Israel launches airstrike at Syria weapons site

WASHINGTON -Israel launched an airstrike into Syria, apparently targeting a suspected weapons site, U.S. officials said Friday night.

The strike occurred overnight Thursday into Friday, the officials told The Associated Press. It did not appear that a chemical weapons site was targeted, they said, and one official said the strike appeared to have hit a warehouse.

The U.S. officials spoke on condition of anonymity because they were not authorized to discuss the matter publicly.

Israel has targeted weapons in the past that it believes are being delivered to the Lebanon-based militant group Hezbollah.
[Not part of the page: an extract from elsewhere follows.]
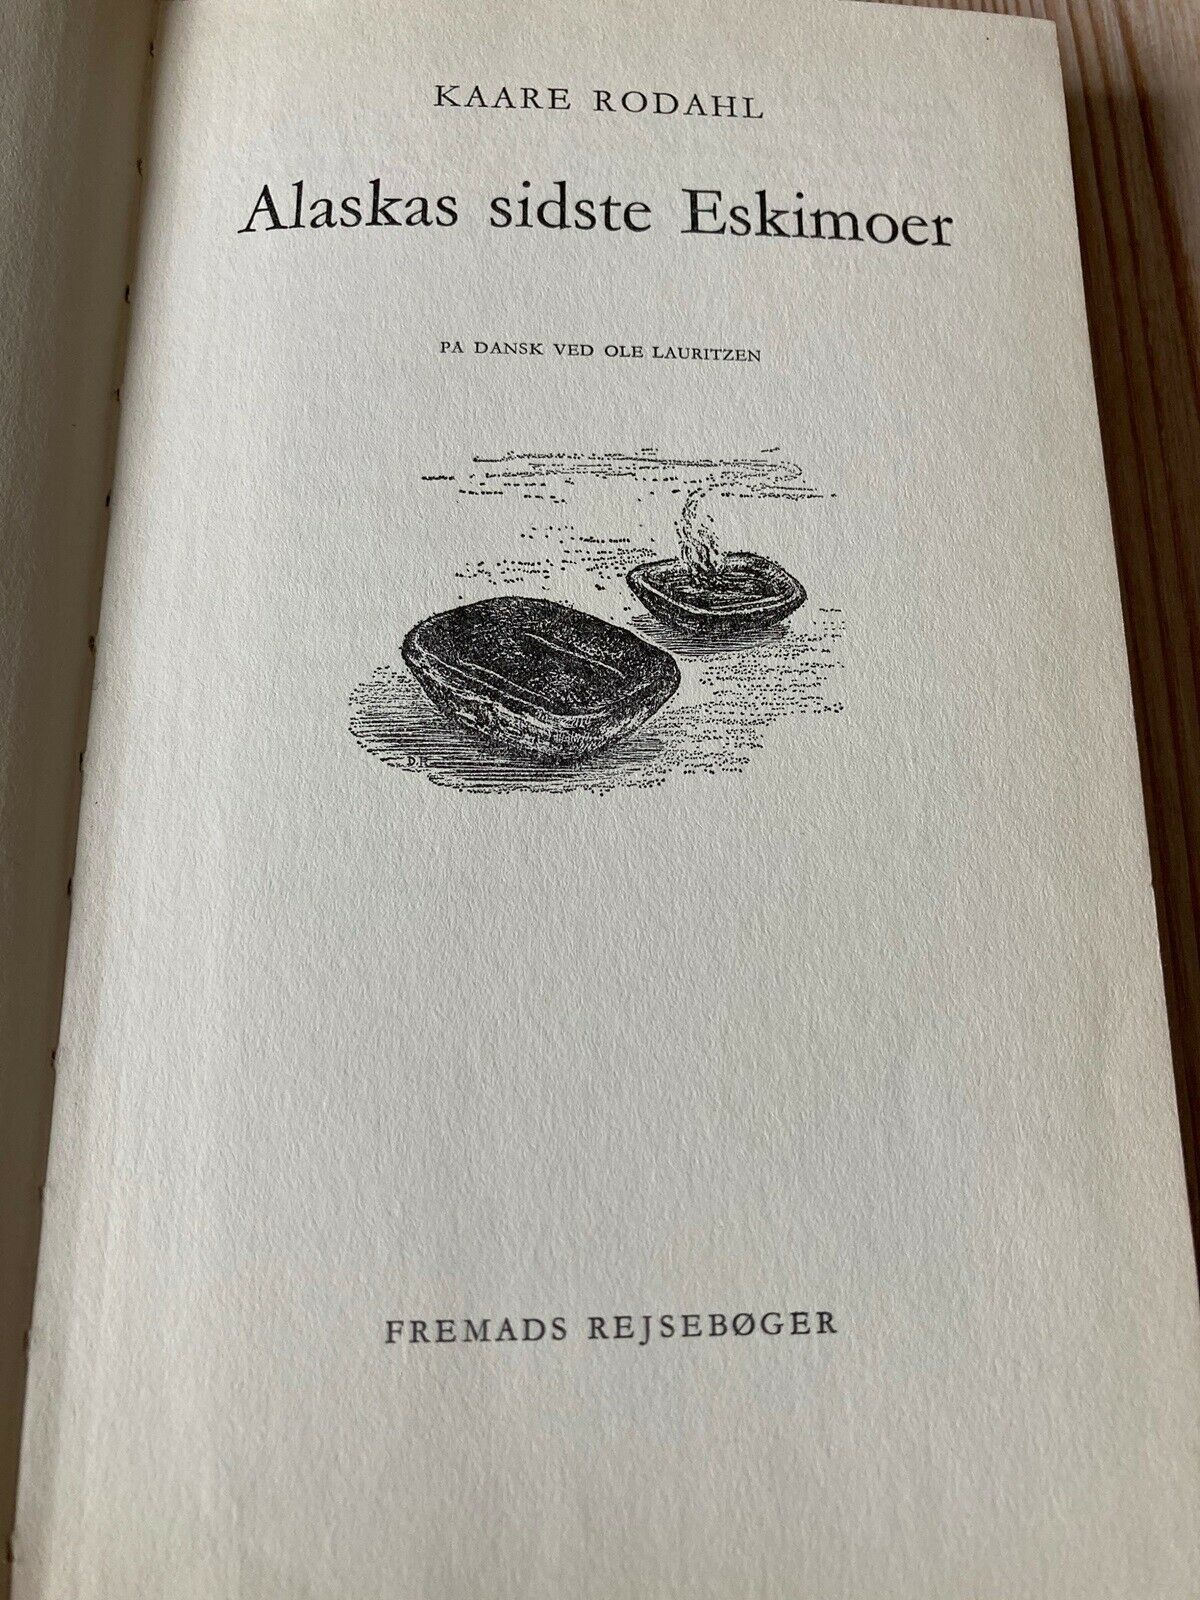 Alaskas sidste eskimoer, Kaare Rodahl, genre: roman

Earlier this week, Hezbollah leader Sheikh Hassan Nasrallah said his group would assist Syrian President Bashar Assad if needed in the effort to put down a 2-year-old uprising.

Israeli Embassy spokesman Aaron Sagui would not comment Friday night specifically on the report of an Israeli strike into Syria.
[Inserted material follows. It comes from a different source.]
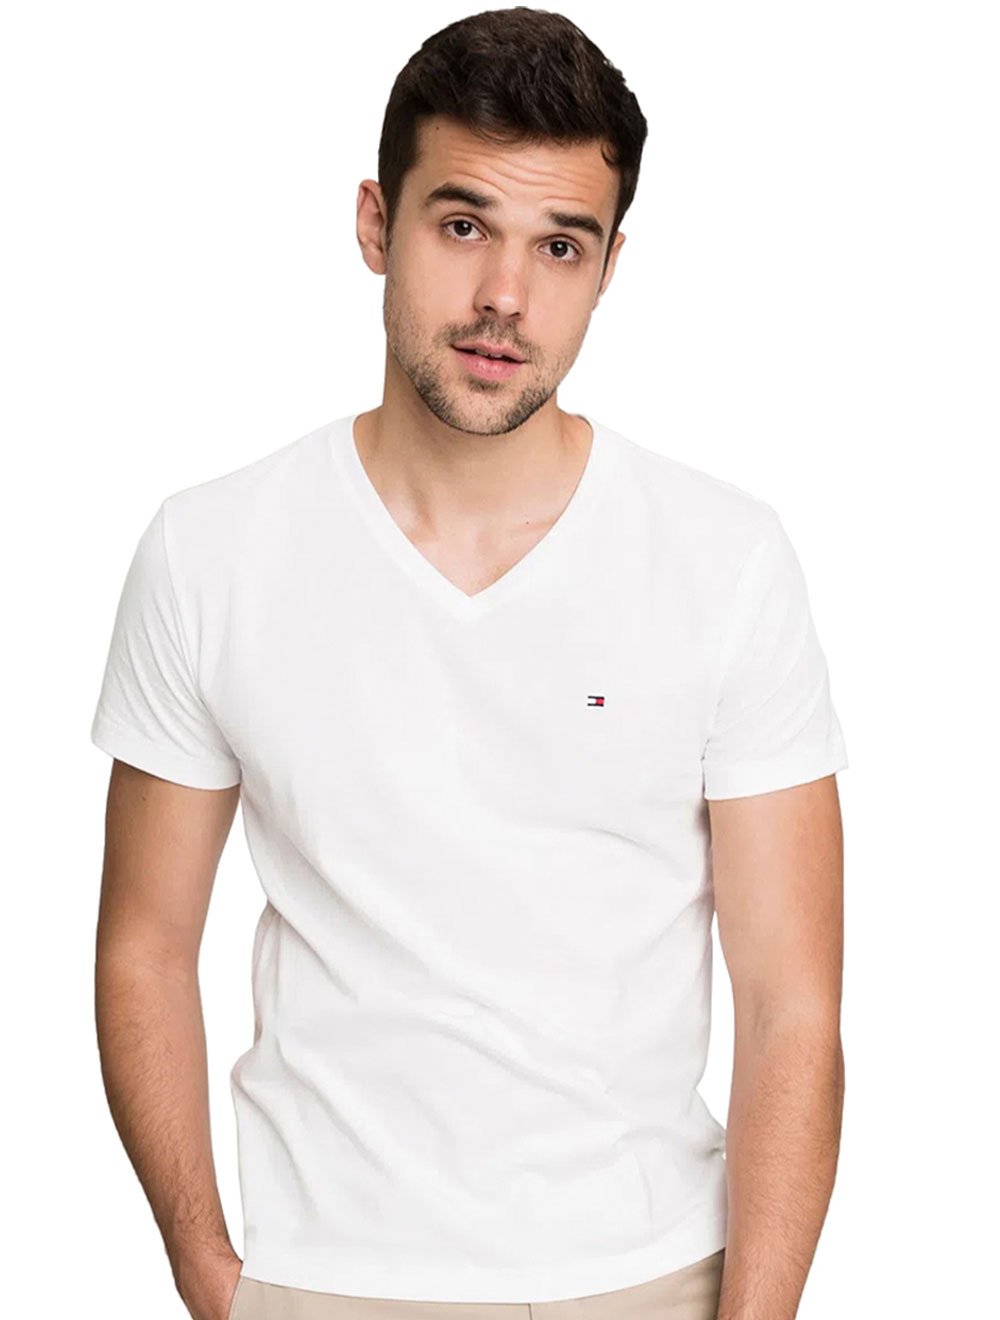 Camiseta Tommy Hilfiger Masculina Essential V-Neck Branca

Obama: We won't send ground troops to Syria

SAN JOSE, Costa Rica - President Barack Obama said Friday he doesn't foresee any circumstance requiring the U.S. to send ground troops into Syria, even as Washington pursues more evidence about the regime's purported use of chemical weapons.

"I do not foresee a scenario in which boots on the ground in Syria, American boots on the ground, would not only be good for America but also would be good for Syria," Obama said at a news conference.

The president's declaration was in line with the apparent prevailing sentiment in Washington. Even one of Obama's chief antagonists on Syria, Sen. John McCain, R- Ariz., has said he does not advocate sending ground troops, arguing that would be "the worst thing the United States could do right now."

Obama also said he had consulted with Mideast leaders who want to see Syrian President Bashar Assad's departure and agree with his assessment that the U.S. shouldn't send ground forces. After long wars in Afghanistan and Iraq, another U.S. intervention in the region could further inflame anti-American sentiment.

Let's move past drugs, Obama tells leaders

SAN JOSE, Costa Rica - President Barack Obama came to Latin America eager to move the region's relationship with the U.S. beyond fighting drugs and organized crime, yet the pervasive problems still trailed him throughout his three-day trip to Mexico and Costa Rica.

In the Costa Rican capital Friday, Obama defended his administration's efforts to stem U.S. demand for drugs that many regional leaders see as a driving factor in their security issues. He said the U.S. and Latin America share "common effects and common responsibilities" for the troubles and argued that his country has suffered from the drug epidemic as well.

"There's a cost obviously in the United States as well," Obama said during a joint news conference with Costa Rican President Laura Chinchilla. "It's not as if we don't have tragic drug problems in the United States."

The president singled out the violence that has raged in his hometown of Chicago, where the murder rate has soared, saying there are young people killed there "every day as part of the drug trade."

Experimental plane reaches hypersonic speed

LOS ANGELES - An experimental, unmanned aircraft developed for the U.S. Air Force went hypersonic during a test off the Southern California coast, traveling at more than 3,000 mph, the Air Force said Friday.

The X-51A WaveRider flew for more than three minutes under power from its exotic scramjet engine and hit a speed of Mach 5.1, or more than five times the speed of sound.

The test on Wednesday marked the fourth and final flight of an X-51A by the Air Force, which has spent $300 million studying scramjet technology that it hopes can be used to deliver strikes around the globe within minutes.

The previous three flights ended in failure or didn't reach the intended speed.

Though the WaveRider was designed to reach Mach 6, or six times the speed of sound, program officials were satisfied with its performance in the latest test.